## YOUR GOAL
Transcribe only the part of the material below that begins at the line containing "Image of Babies" and ends at the line containing "FC-33497: Apartment (Flat)", with both kept and images left out.

## EXCERPTED RECORDS

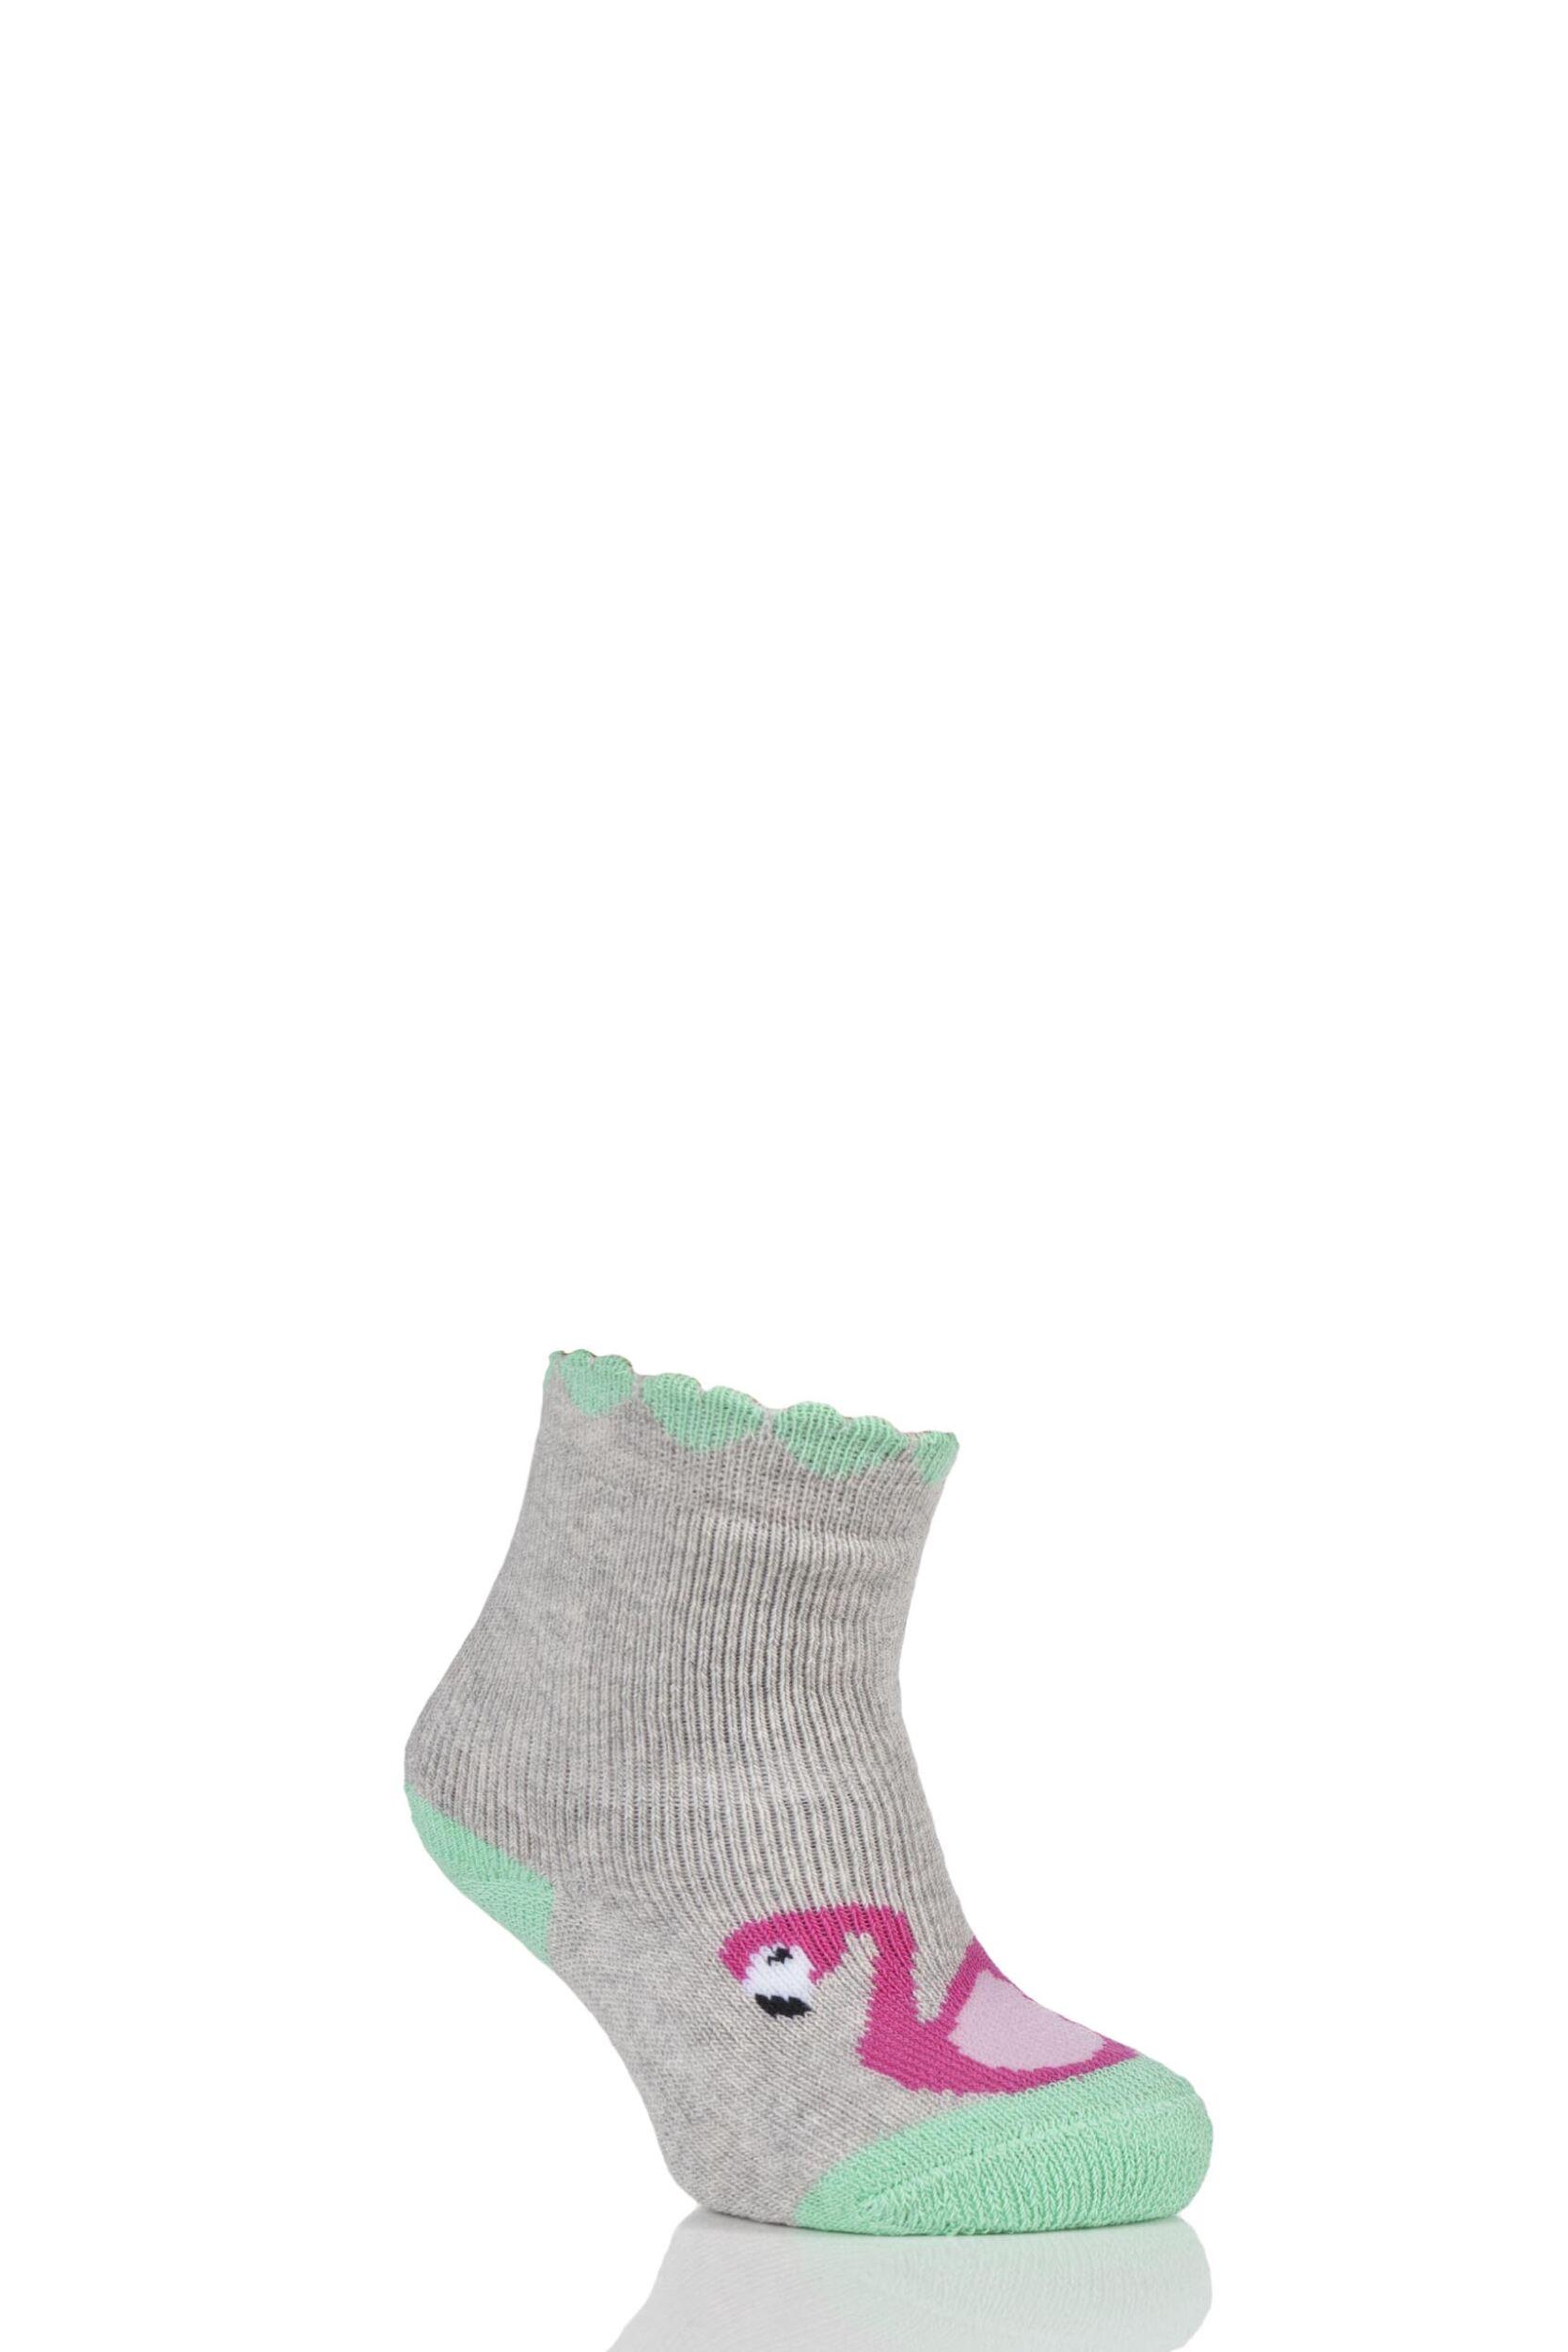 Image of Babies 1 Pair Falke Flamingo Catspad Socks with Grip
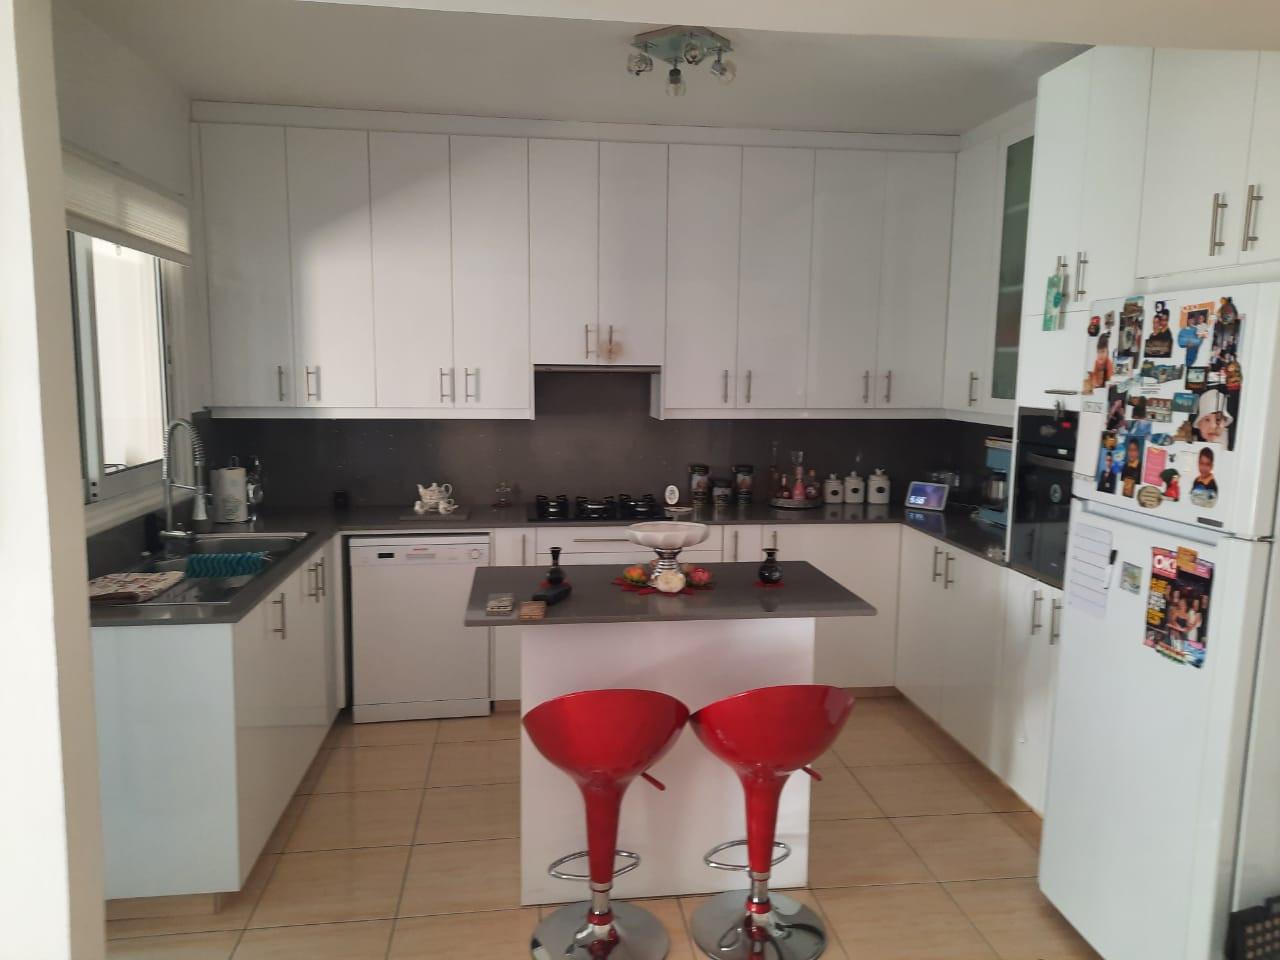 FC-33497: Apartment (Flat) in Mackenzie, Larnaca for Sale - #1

---

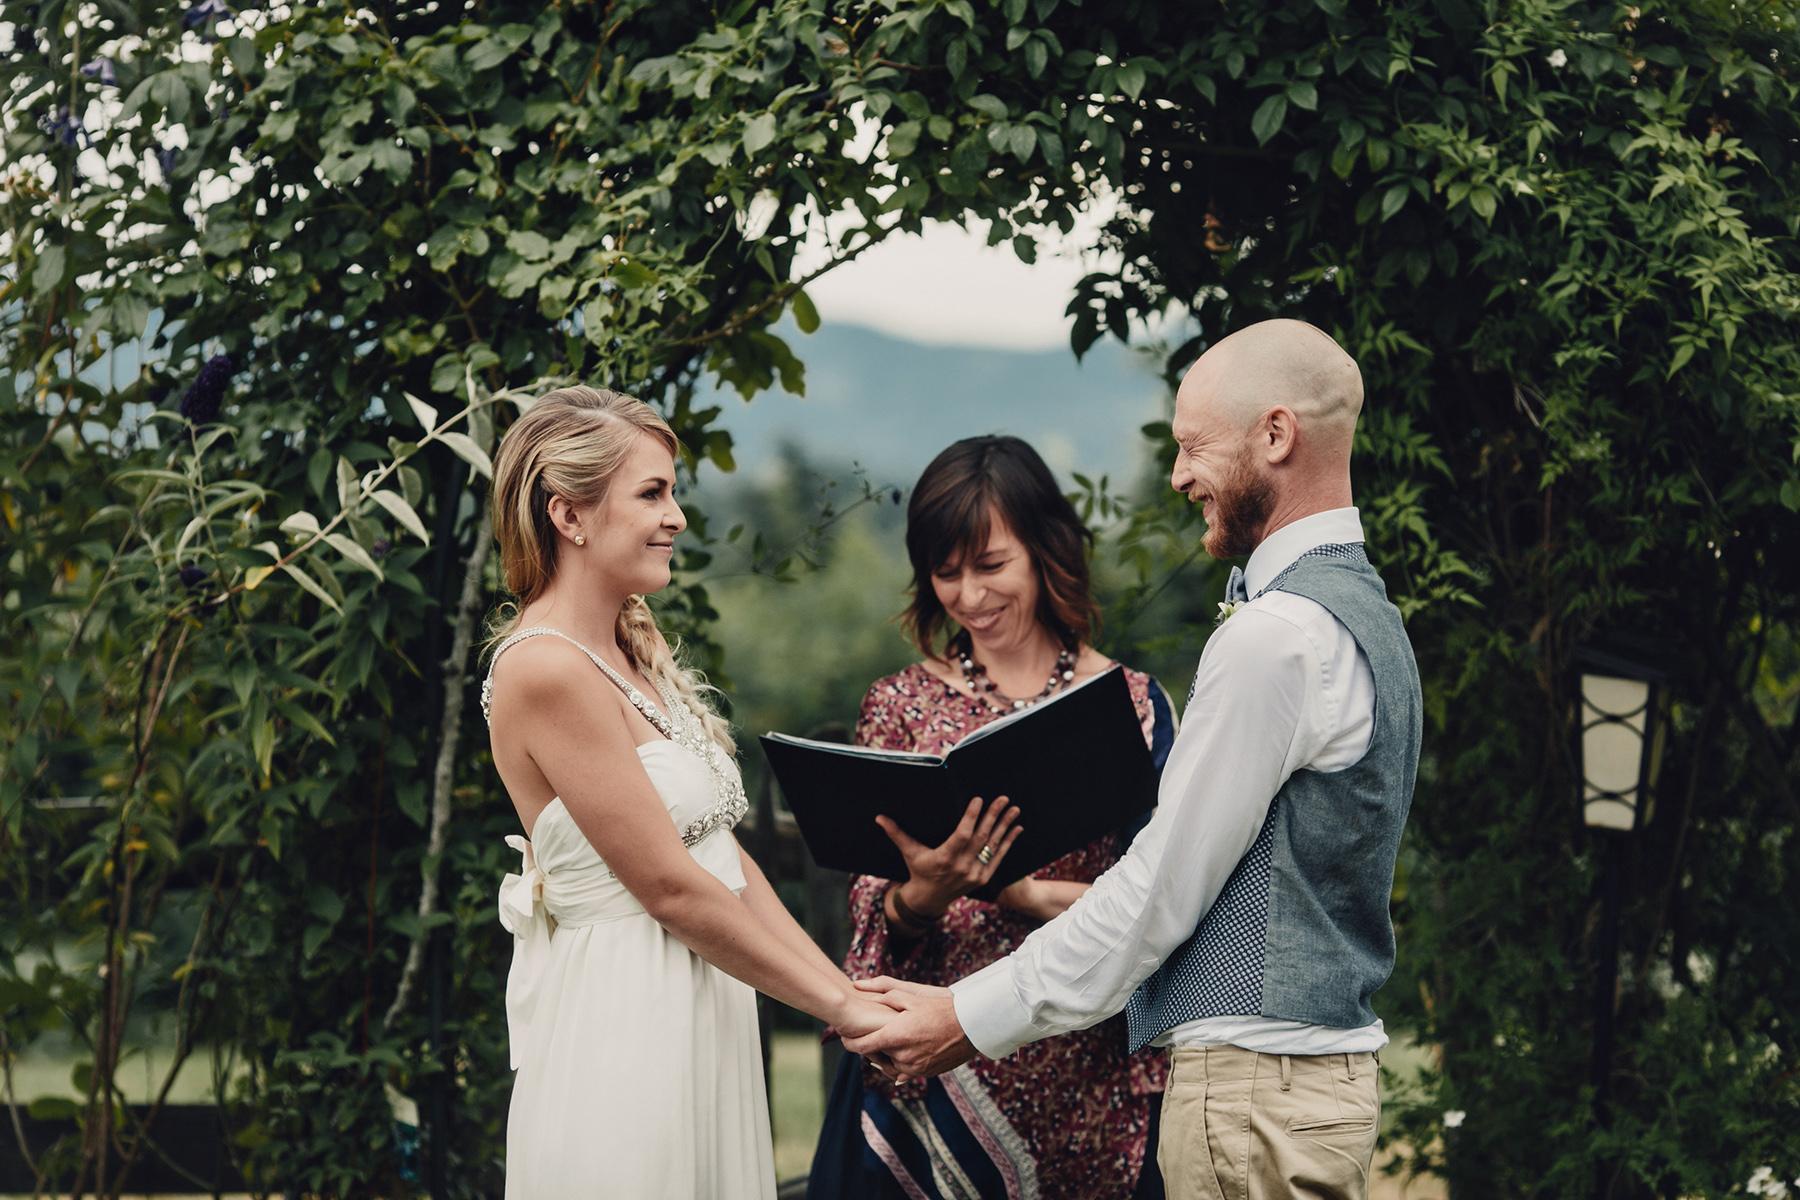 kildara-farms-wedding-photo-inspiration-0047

* * *

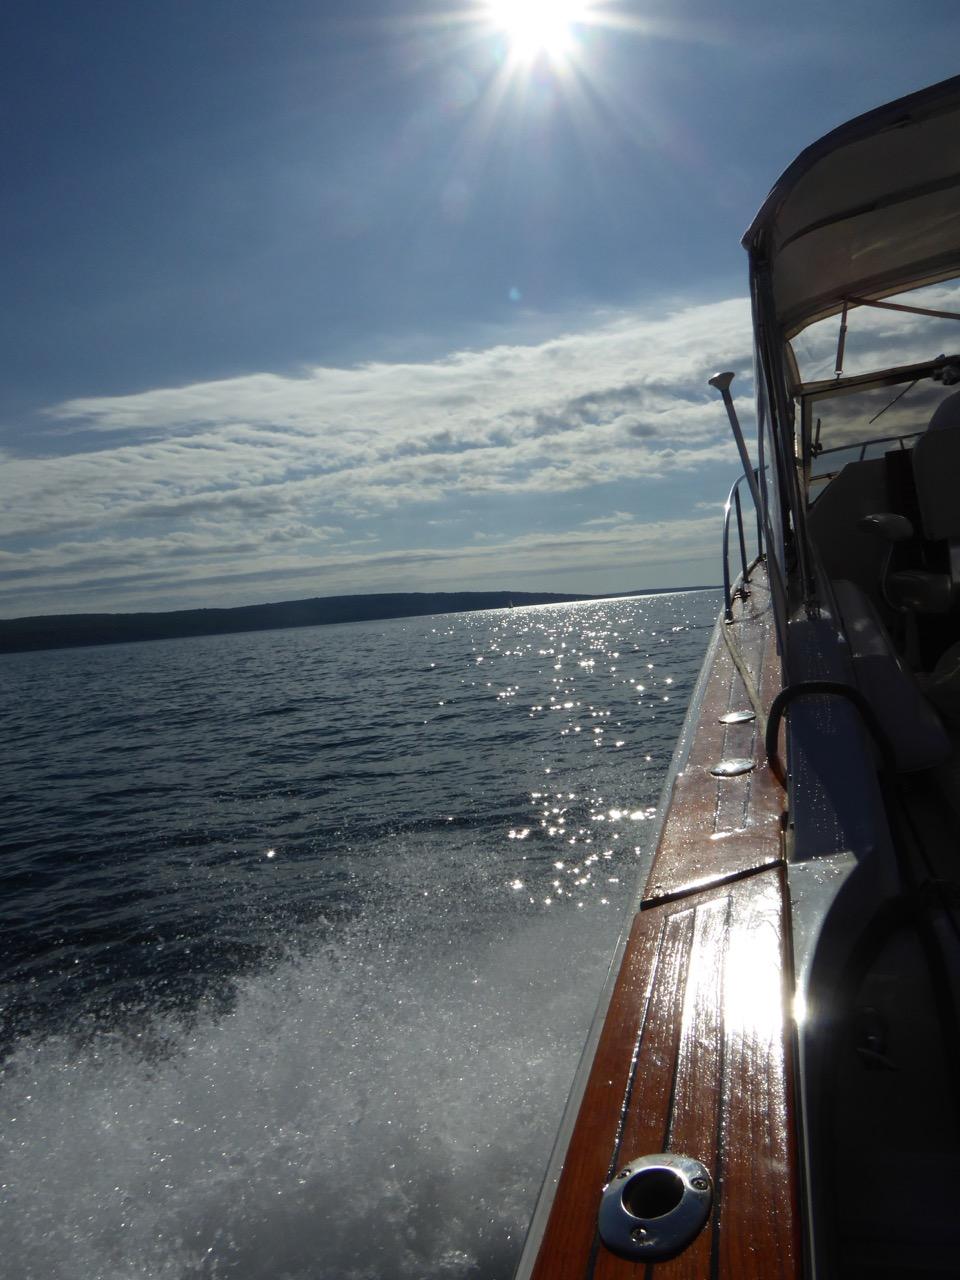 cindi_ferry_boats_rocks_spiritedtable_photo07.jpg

## TASK ANSWER
 Image of Babies 1 Pair Falke Flamingo Catspad Socks with Grip
 FC-33497: Apartment (Flat) in Mackenzie, Larnaca for Sale - #1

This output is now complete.